The Gits se destacaron con su punk rock en la escena musical de Seattle de principios de los 90 y Mia, como una cantante diferente. Había nacido el 25 de agosto de 1965 en un barrio de Louisville, Kentucky y fue en 1986 cuando formó los Gits con Dresdner, AndyKessler y el baterista Steve Moriarty. Venían todos del Antioch College y además de las canciones, Mia plasmaba su arte en diferentes expresiones como la pintura y la escultura.

(Video: The Gits interpretando en vivo el tema "Here's to Your Fuck")

Los Gits se fueron a Seattle en 1989 y recalaron en The Rathouse, una casa venida a menos en la que se gestó el espíritu del grupo. Mas punks que grunges, Mia y los músicos decidieron montar su propia escena, sus propios shows, un nuevo estilo con el que fueron conquistando a sus colegas. Así llegaron a compartir cartel con Nirvana, Beck y Green Day, entre otros exitosos grupos contemporáneos.

Mia Zapata pasó a la historia no por su música, sino por su femicidio. Home Alive fue la manera en que los amigos de Mia encontraron para encausar tanto dolor. Esta organización dedicada a educar a las mujeres sobre la autodefensa nació como un homenaje a la cantante.

Así fue cómo sus compañeros de The Gits empezaron a producir espectáculos para recaudar fondos y con ese dinero poder contratar un detective privado. Nirvana fue una de las bandas invitadas en esos conciertos a beneficio y por otro lado, los Gits se unieron a Joan Jett para grabar el disco Evil Stig (que significa "Gits Live" al revés). Pearl Jam, Soundgarden y la banda de Kurt Cobain grabaron otro álbum para la causa de Home Alive.

The Gits
The Gits

Cuando Pearl Jam tocó en el Estadio Único de La Plata, en noviembre de 2015, su cantante Eddie Vedder no dudó en desplegar un cartel con la consigna Ni Una Menos.
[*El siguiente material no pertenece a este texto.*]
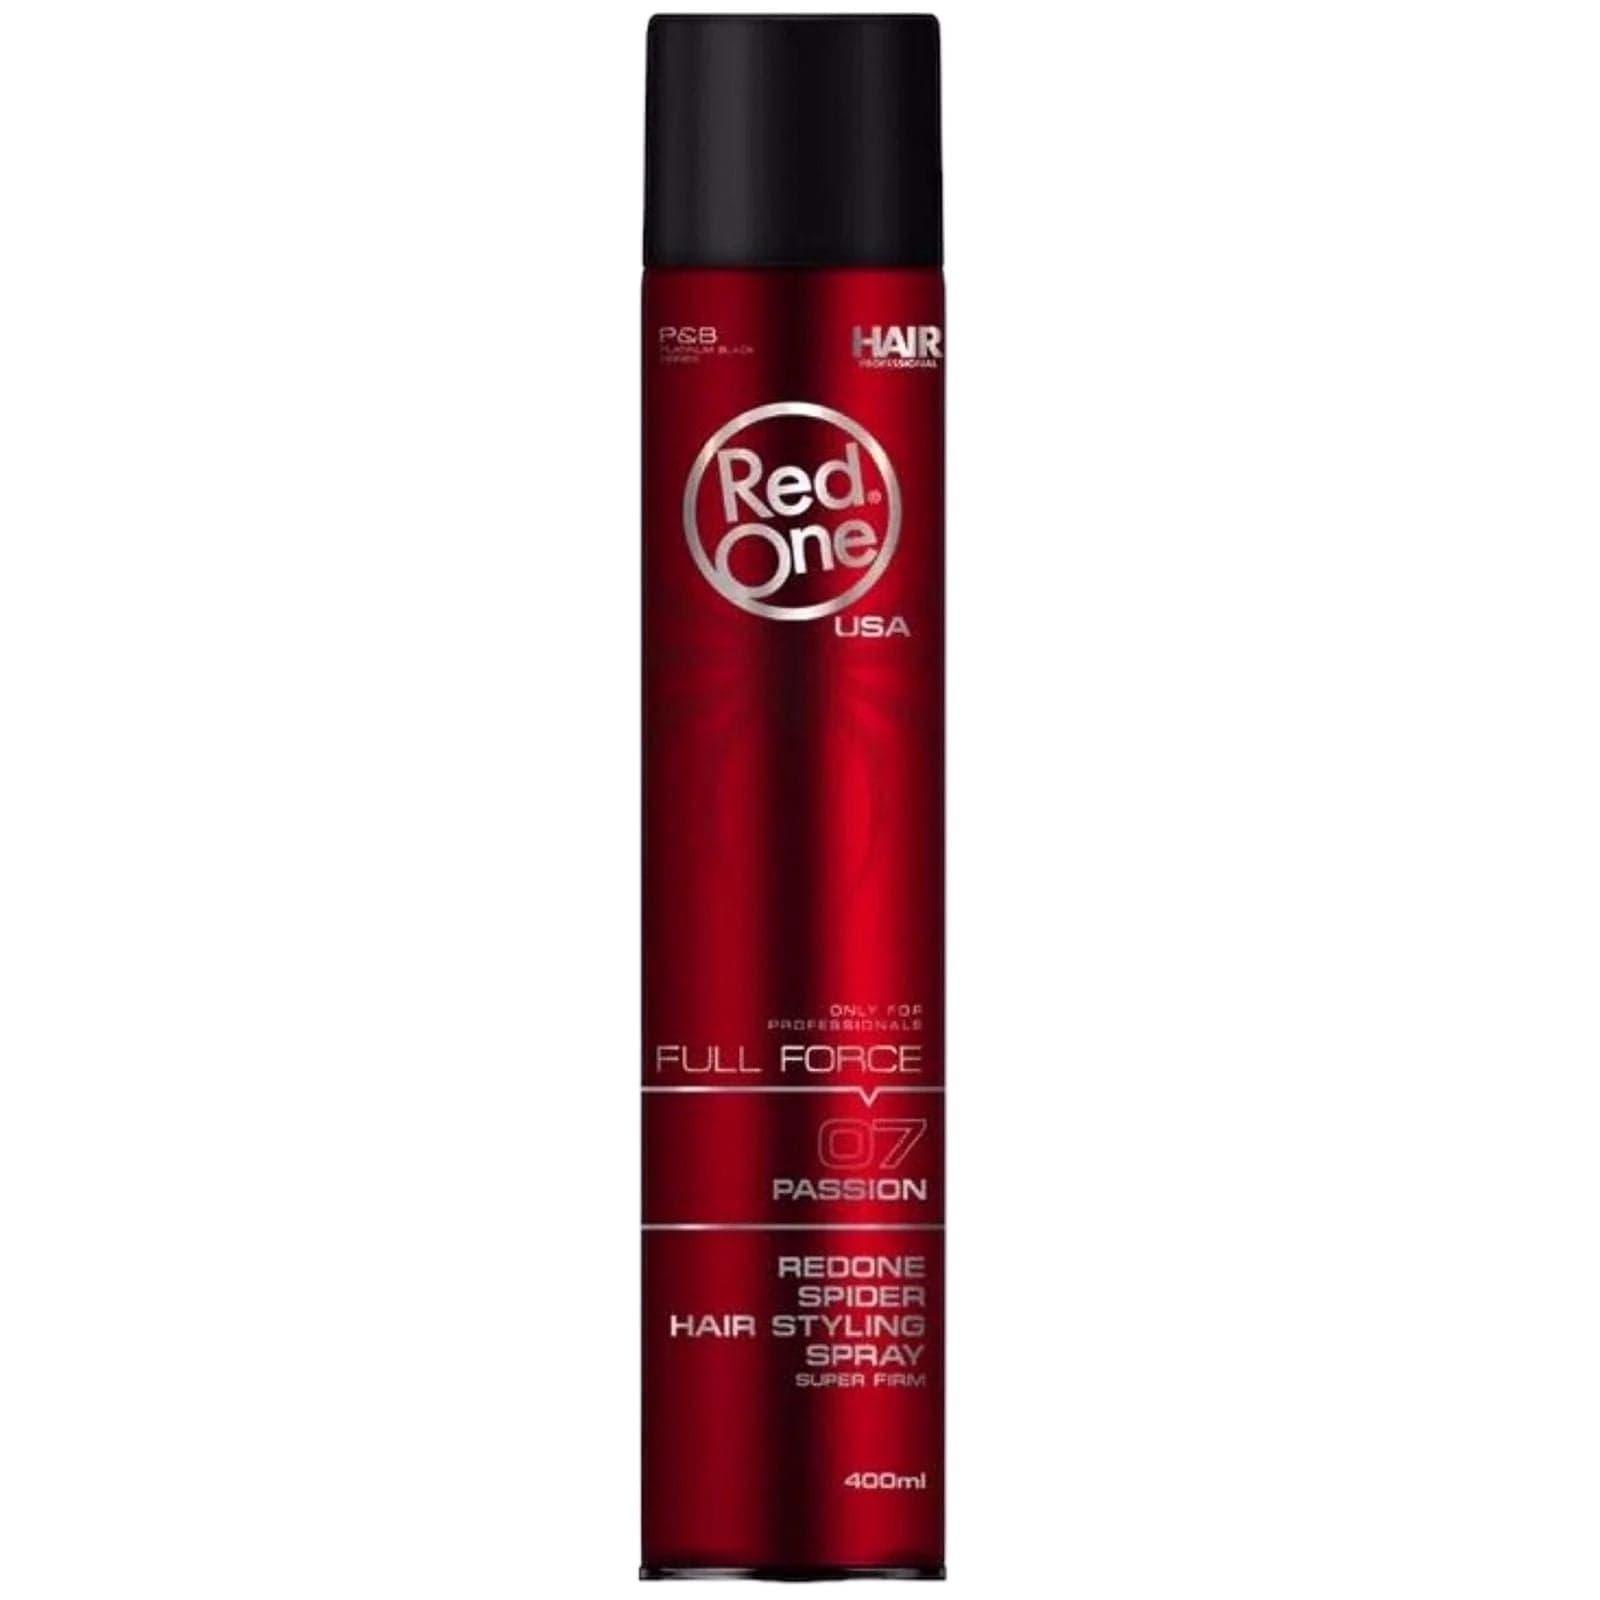 Redone Full Force Spider Hair Styling Spray Passion 07 400ml

No fue un gesto aislado, vecinos en Seattle de The Gits, los Pearl Jam siguieron siendo una banda aliada de la causa en contra de violencia y a favor de la autodefensa de las mujeres.

Esa noche en La Plata, Vedder cantó "Leaving Here", un tema de Eddie Holland de 1963 que cuenta la historia de un pueblo en el que las mujeres huyeron a causa del maltrato de los hombres. Mientras su historia siga vigente, la voz de Mia Zapata seguirá sonando y pidiendo justicia.